It was a clear spring day in Amsterdam when I first met Jiro. A lazy atmosphere filled the air; people were drinking beer on the grass. Jiro had that reserved air I often observe in Japanese people. I asked him where he had come from and he gave his head a shake nonchalantly saying, “Ah, I cycled over from Rome!” Stunned with surprise I could only hold my glass of red wine and look on. In my memories he is always that sort of person - softly, quietly doing astonishing things.

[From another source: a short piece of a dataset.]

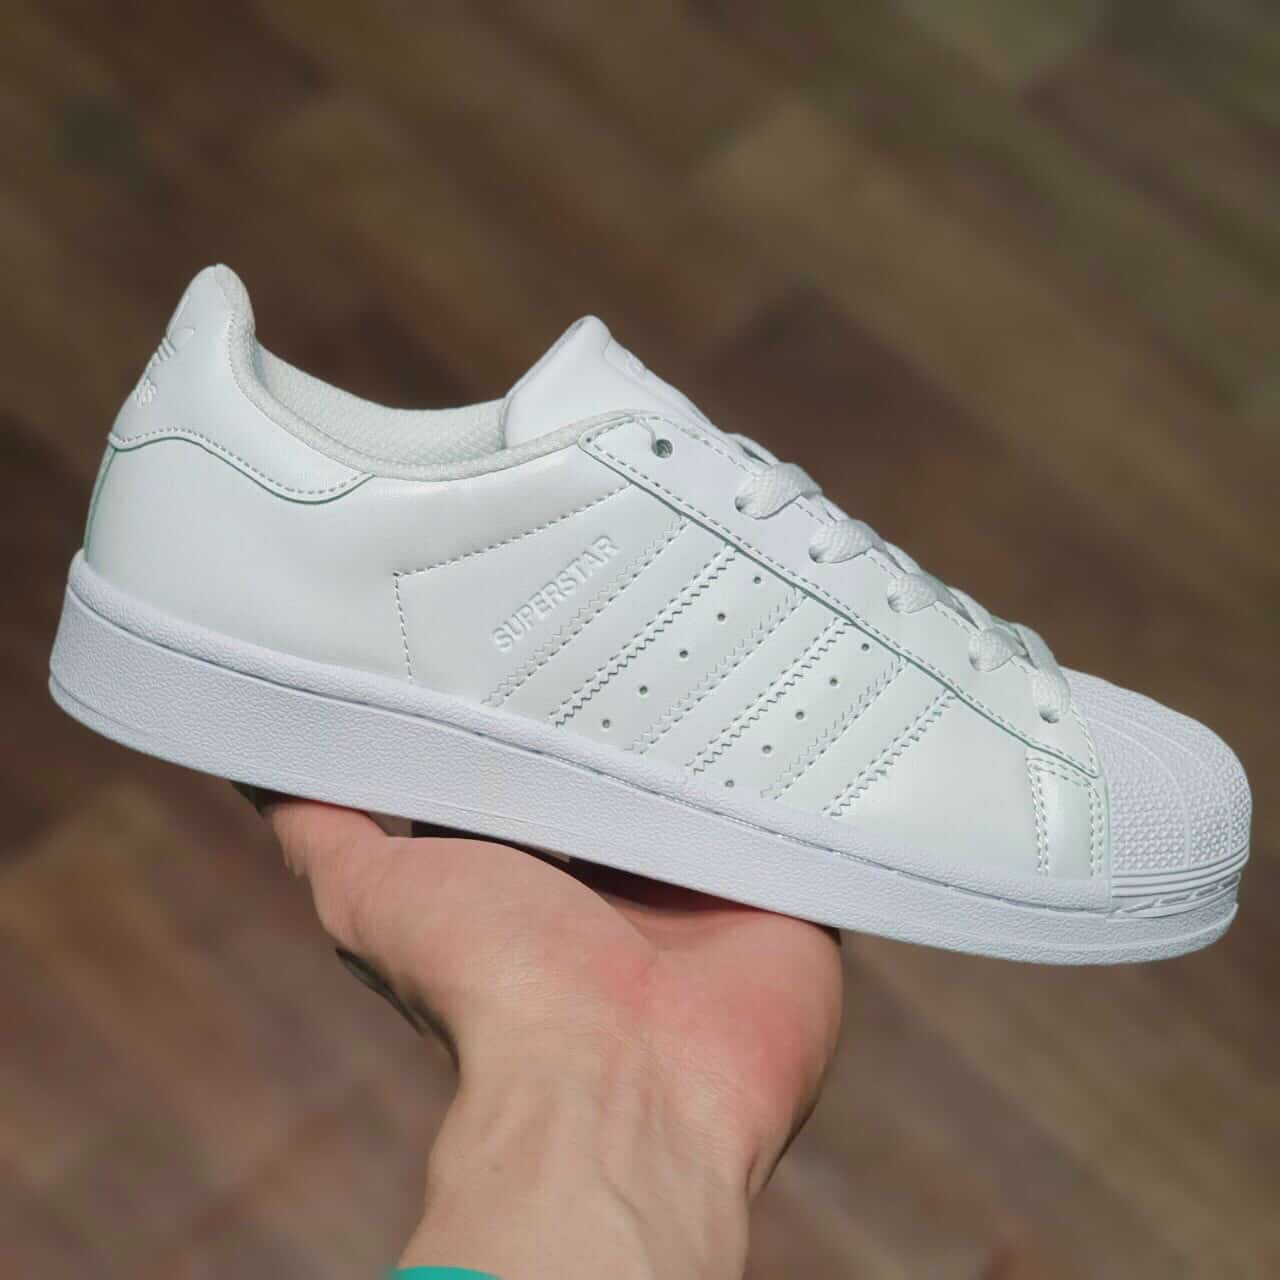 Adidas Superstar All White Rep 1:1

Life will always surprise you if only you give it a chance
I always thought Jiro would have been a daredevil as a child. I imagined him when being told to write about his dreams using his small child’s hands to write down “to travel the world” stroke by careful stroke. It was only later that I found the opposite was true. He grew up in Fukuoka and came from a typical Japanese family. He joined the Japanese Self-Defense Force at 18 and at the time still held deeply traditional beliefs - a man should be strong, full of fortitude, live to protect his country and family. Like the older Japanese generation, he thought one’s first job should be for life; to misstep, to make a wrong choice was unforgivable.
In the Self-Defense Force, he was stationed in various places across Japan: Hiroshima, Okinawa, Yokohama. One year, while in Okinawa, he met a Japanese traveler. It was at that meeting that the first seeds of travel were planted in his heart. For the first time he thought of “traveling” and of “roaming the world.”Not long after on his first break, he went to Taiwan. Although he couldn’t speak the language, the warmth of the Taiwanese made a deep impression on him. In ten days he was immersed in a strange place and strange language, eating foods he never thought he could eat, feeling the warmth and kindness of strangers, meeting travelers from across the world, and experiencing things he never thought possible.

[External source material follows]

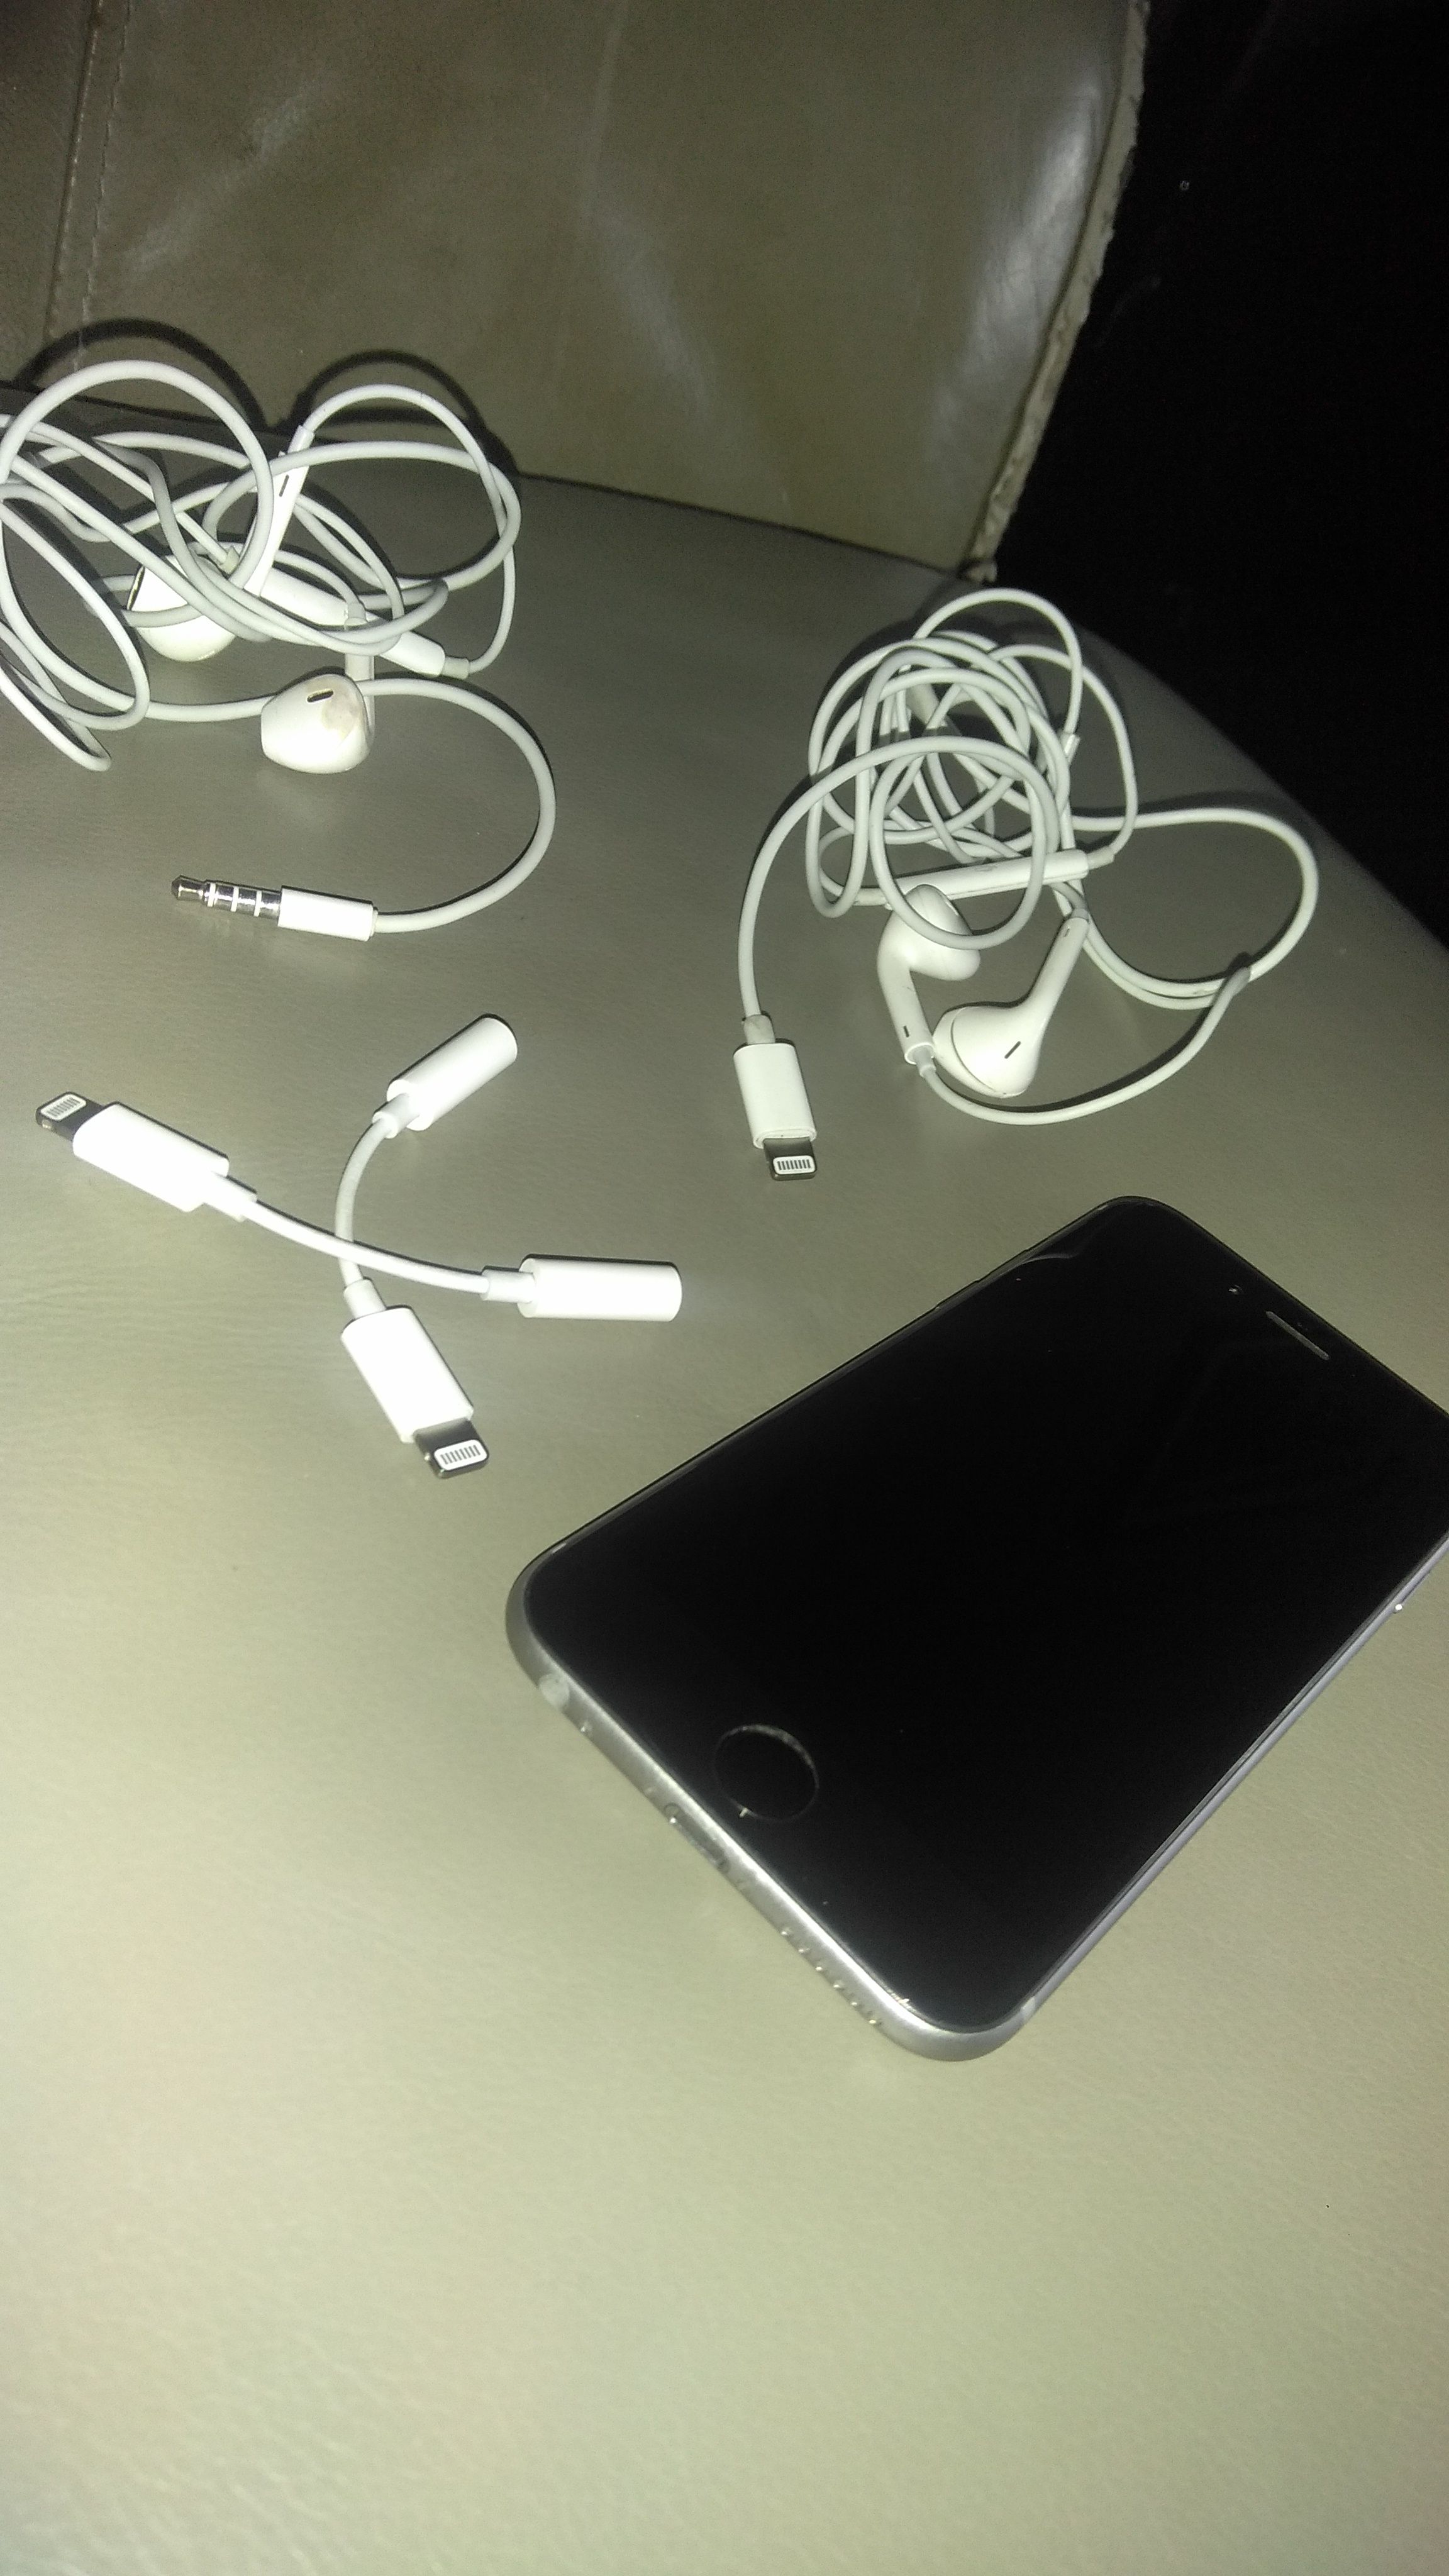 IPhone 6 locked plus two headphone and two Lightning Jack

He had had his first taste of travelling, and for the first time realised that life comes in many forms. Life will always surprise you if only you give it a chance. A year later he decided to leave his job and go on a working holiday in Canada. He worked in Vancouver restaurant running around an oily kitchen, drowning his hands in sinks brimming with dishwasher soap bubbles, using his spare time to learn new English words. Then he left to work at a holiday resort Yellowknife in the Arctic circle. It was only a few years ago that he’d thought he’d be a soldier for life. But then here he was driving visitors through the snow in a dogsled, chasing the glow of the Northern lights.

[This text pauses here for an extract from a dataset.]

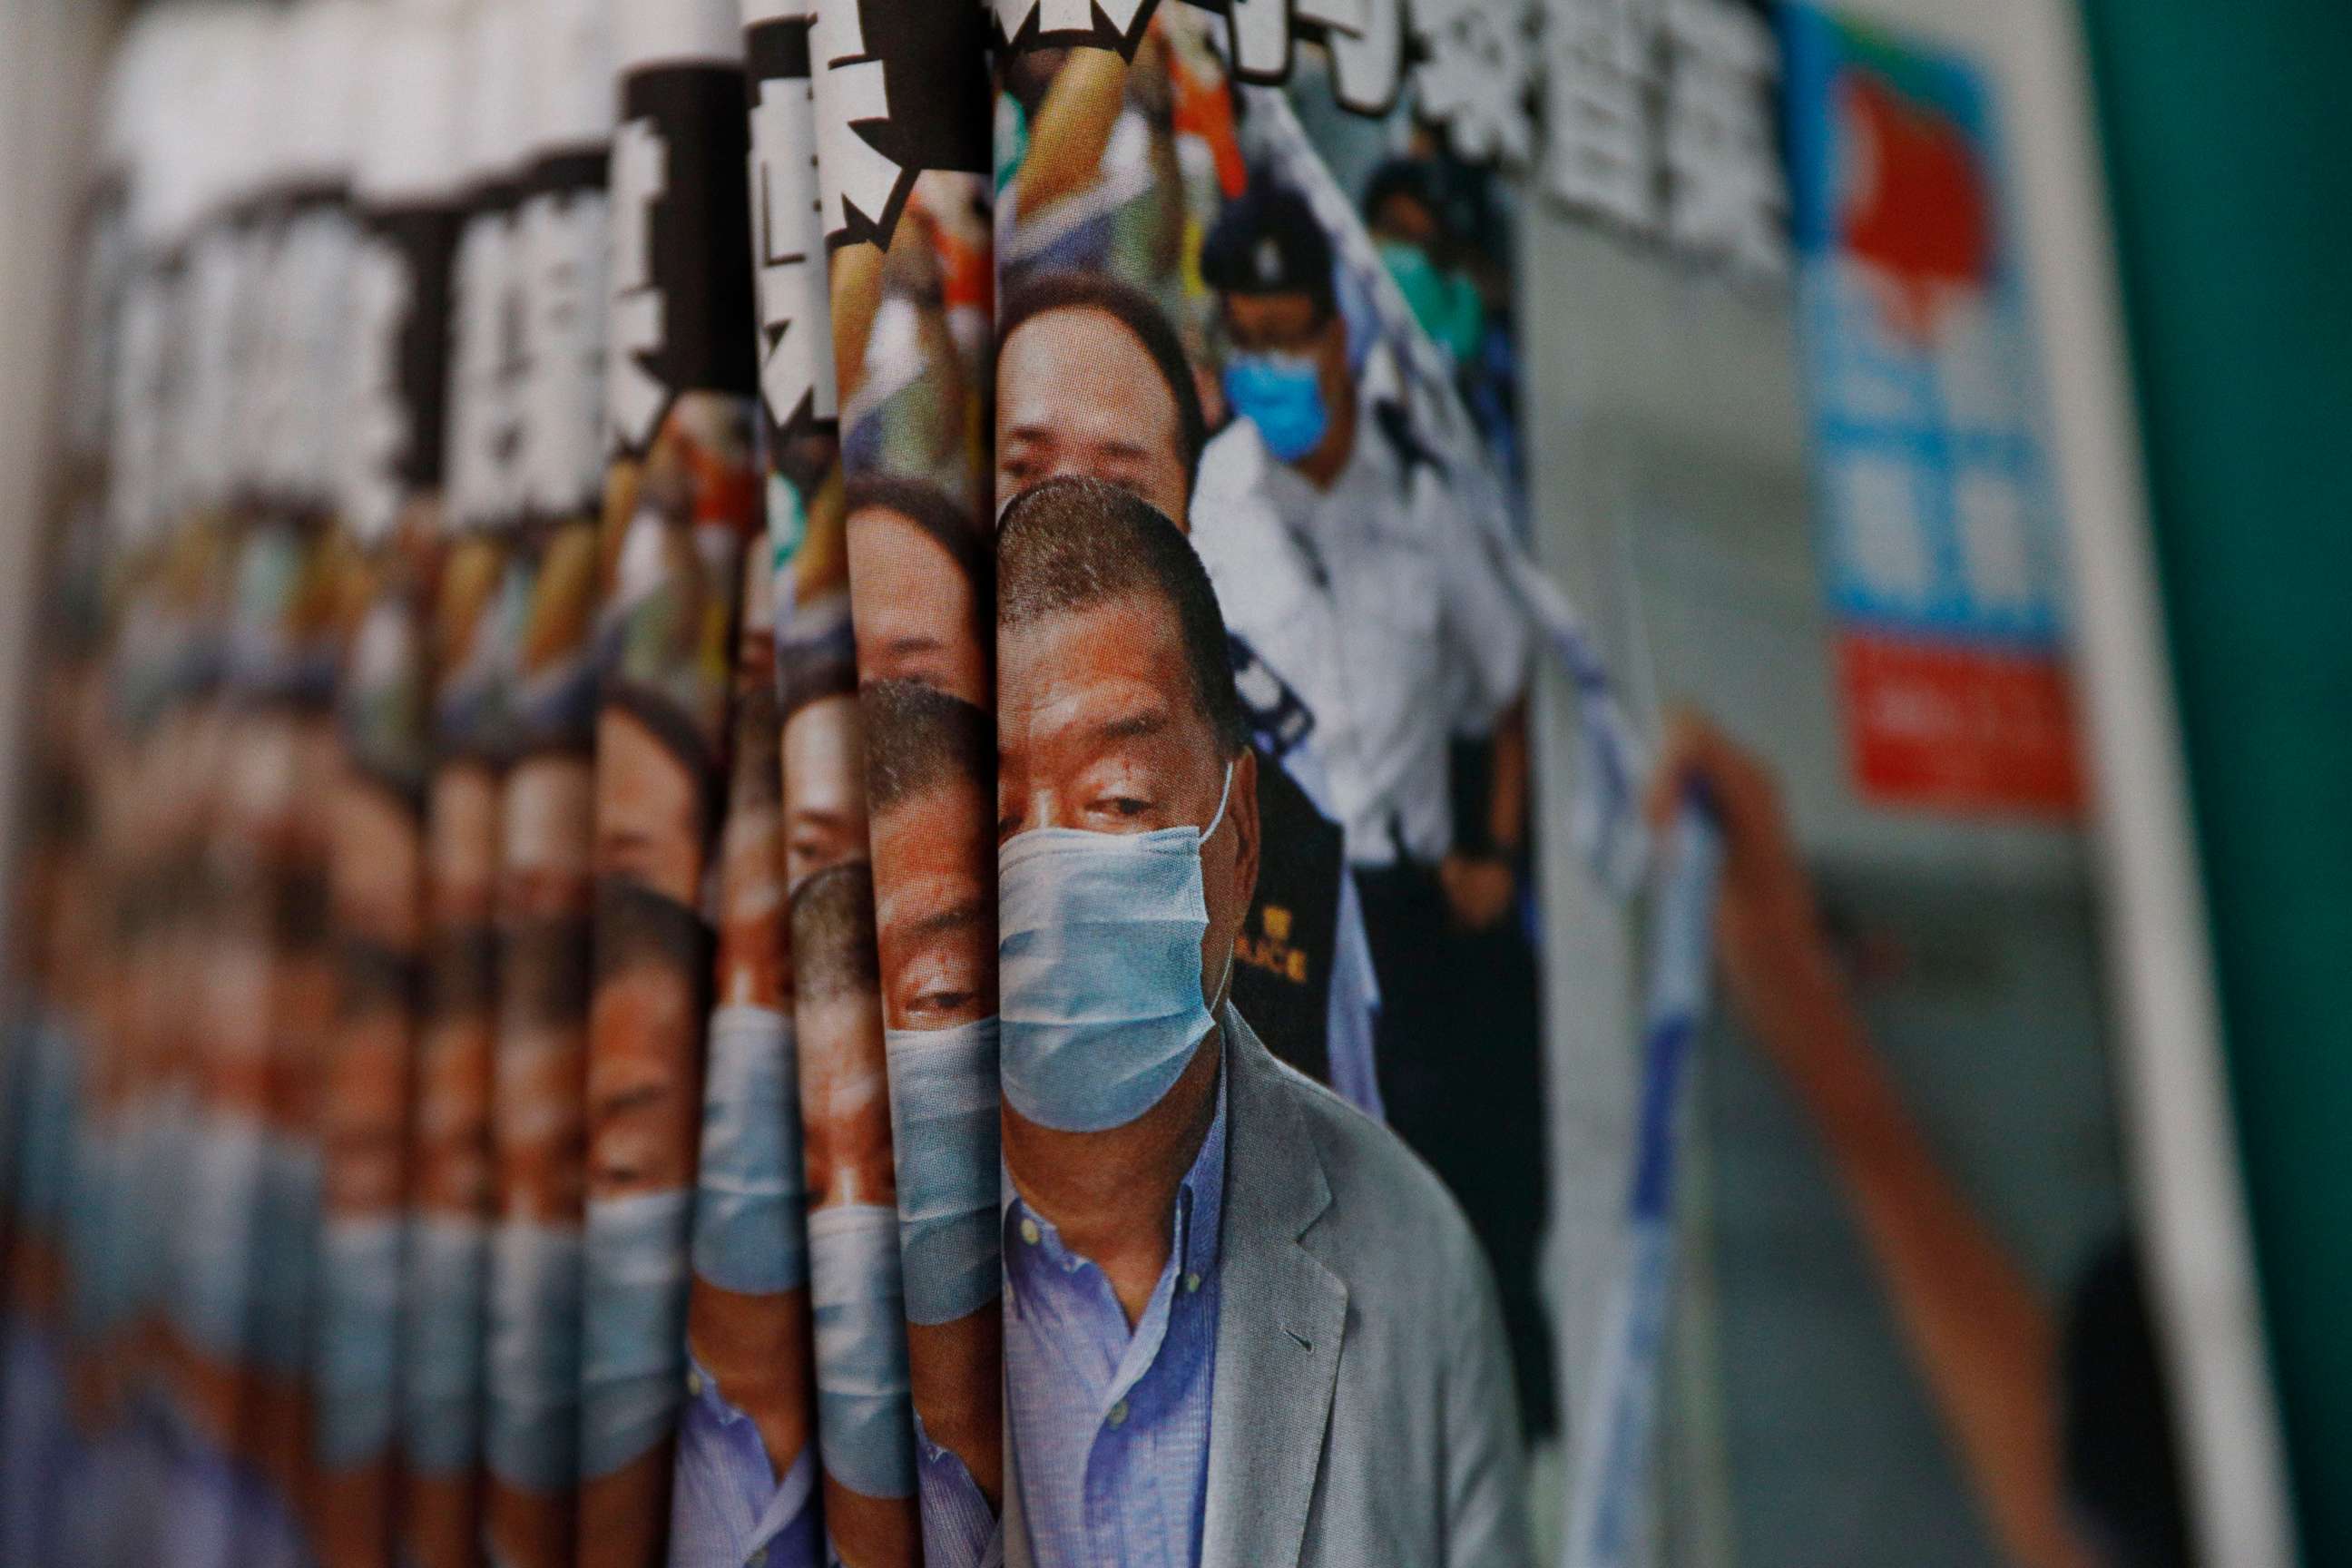 PHOTO: Copies of Apple Daily newspaper with front pages featuring Hong Kong media tycoon Jimmy Lai, are displayed for sale at a newsstand in Hong Kong Tuesday, Aug. 11, 2020.

After working hard for some time he decided to used the money he had saved up to travel across Canada. But just as he was getting his bags ready the 311 earthquake struck Japan. Unprecedented numbers of people were killed. Thousands of miles away from home he wanted to help but did not know how. In the end he donated every bit of his travel money to the earthquake relief effort, deciding instead to hitchhike across Canada. He would stand by roadsides, thumb sticking up straight. With each stopping car he would run dragging his huge backpack to the driver. He came face-to-face with stranger after stranger. “Hi, I’m Jiro,” he would begin. “I’m from Japan and my country is reeling from a massive disaster. I’ve donated all my money so now I have to hitchhike across Canada. If you give me a lift it would be like you giving money for earthquake relief. Could you please?” I’m guessing his honest expression and respectful face moved quite a few people and so, relying on drivers “willing to help Japan”, he crossed the whole of Canada without spending a cent.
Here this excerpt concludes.